Jego zdaniem "wyglądają one, jak za Barei". Za zebrane środki, Fundacja WOŚP kupi podstawowy sprzęt, który zastąpi zniszczony, będący najczęściej - według Owsiaka - "spadem z innych oddziałów".
Oddziały pediatryczne otrzymają natomiast nowe urządzenia, które zastąpią kupione kilka lat wcześniej ze środków WOŚP, a które zdążyły się wysłużyć.
Do wylicytowania buty "Lewego"
Niedzielny finał WOŚP - jak co roku - zdominują koncerty, całodniowa transmisja w dwóch stacjach telewizyjnych, imprezy plenerowe, biegi uliczne i licytacje ofiarowanych przedmiotów.

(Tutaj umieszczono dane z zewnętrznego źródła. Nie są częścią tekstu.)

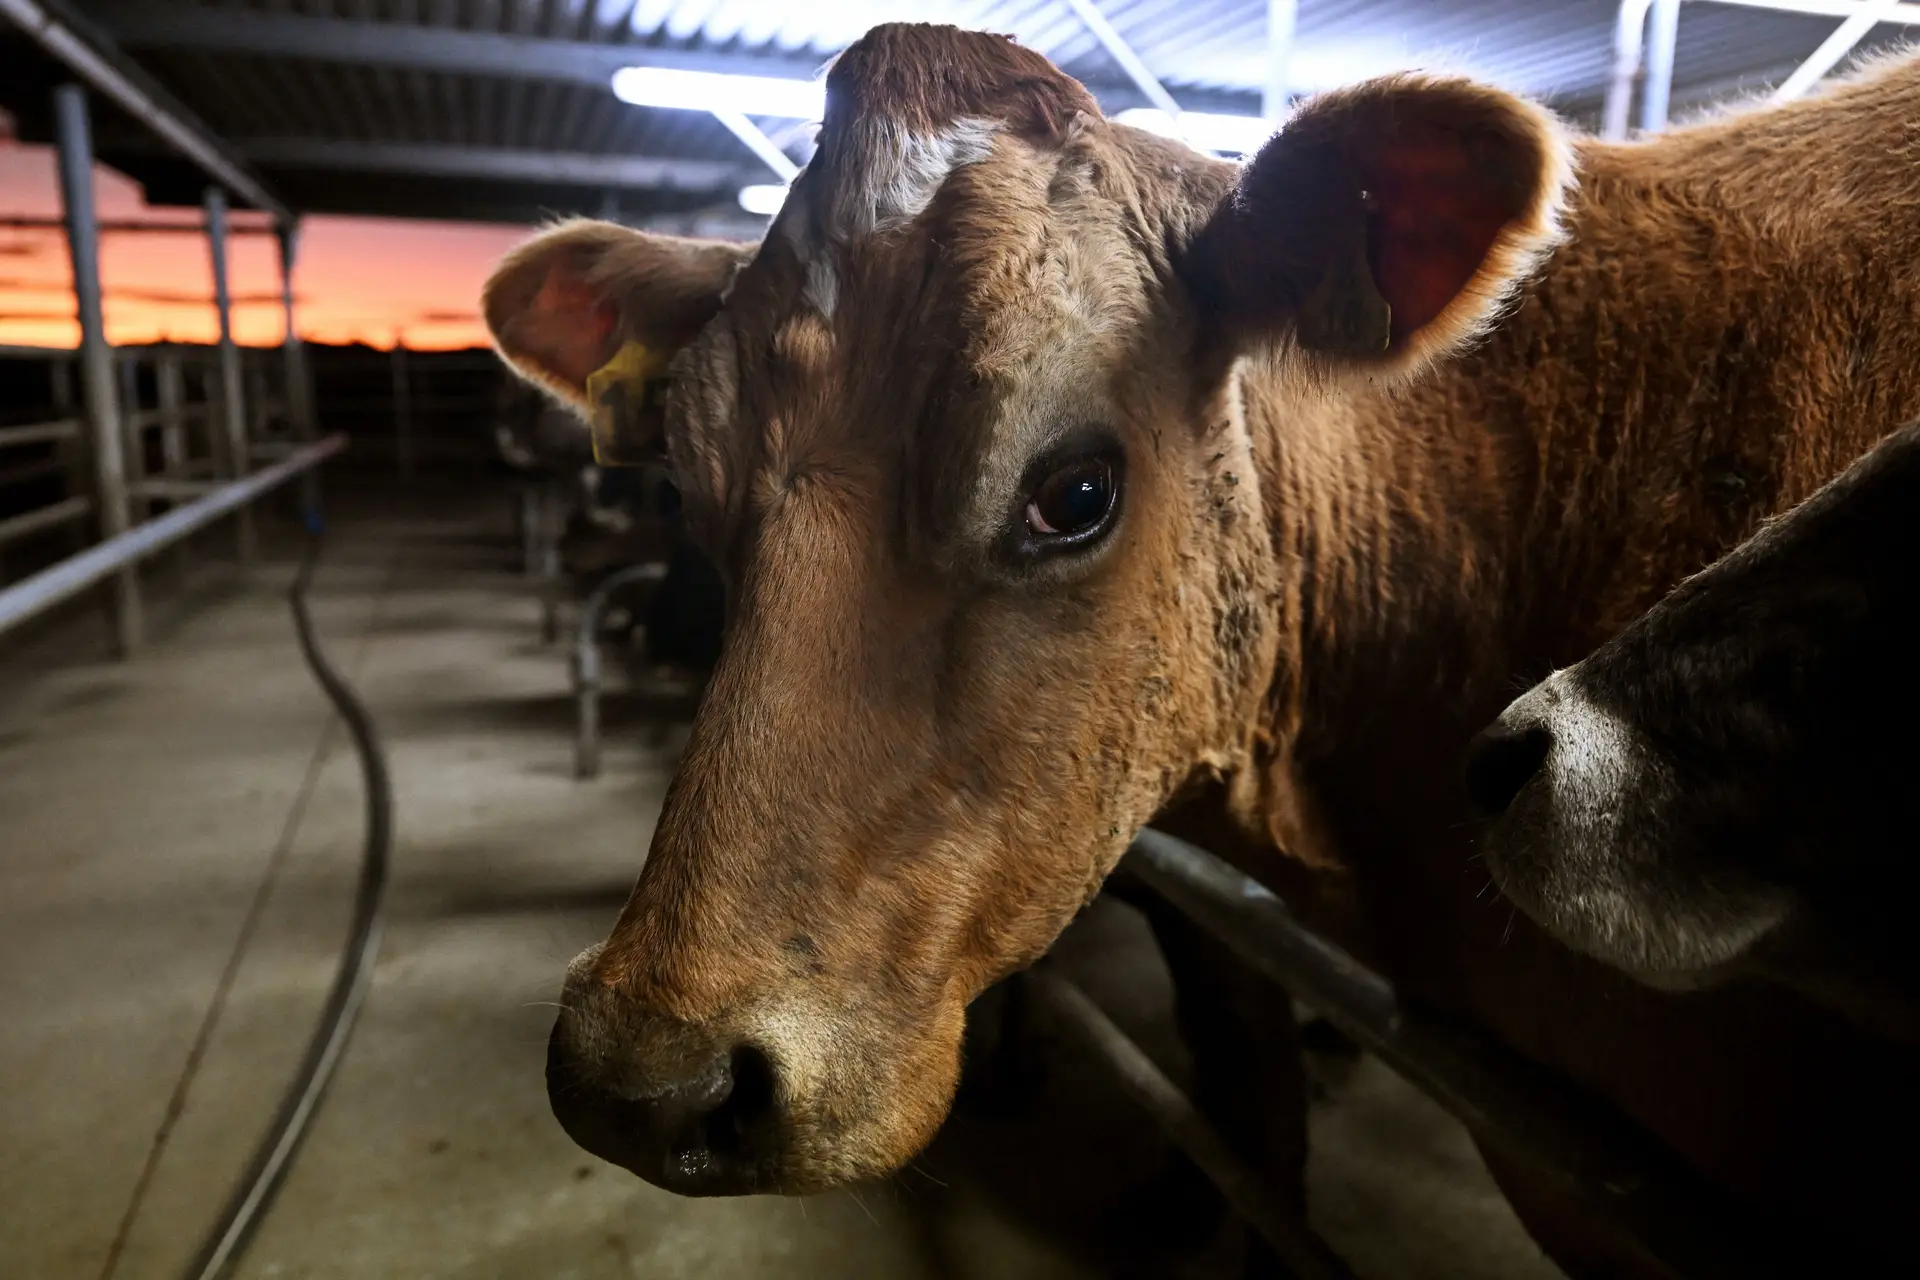 Na Nova Zelândia, quase metade das emissões do país provêm do setor agrícola

Wśród najciekawszych przedmiotów, które będzie można wylicytować, są buty Roberta Lewandowskiego, które wyprodukowane zostały w limitowanej serii i są dedykowane piłkarzowi.
Jerzy Owsiak podkreślił w "Faktach po Faktach", że unika nazywania finału Orkiestry mianem "szczytnego celu", bo - jak przekonywał - sam udział w nim, to "świetna zabawa".
- Jest ten dzień, jeden w roku, w którym jesteśmy razem. Cieszymy się, że inne organizacje pozarządowe działają, ale jesteśmy ponad to, co się w Polsce dzieje. Ponad kolorami, religią, polityką. Jesteśmy dla wszystkich i chcemy grać ze wszystkimi - wyjaśniał szef WOŚP.
Gość programu przypomniał, jak ćwierć wieku temu ruszała Orkiestra. W trakcie pierwszej edycji zbierano na płucoserce, które kosztowało wówczas 500 mln (starych) zł.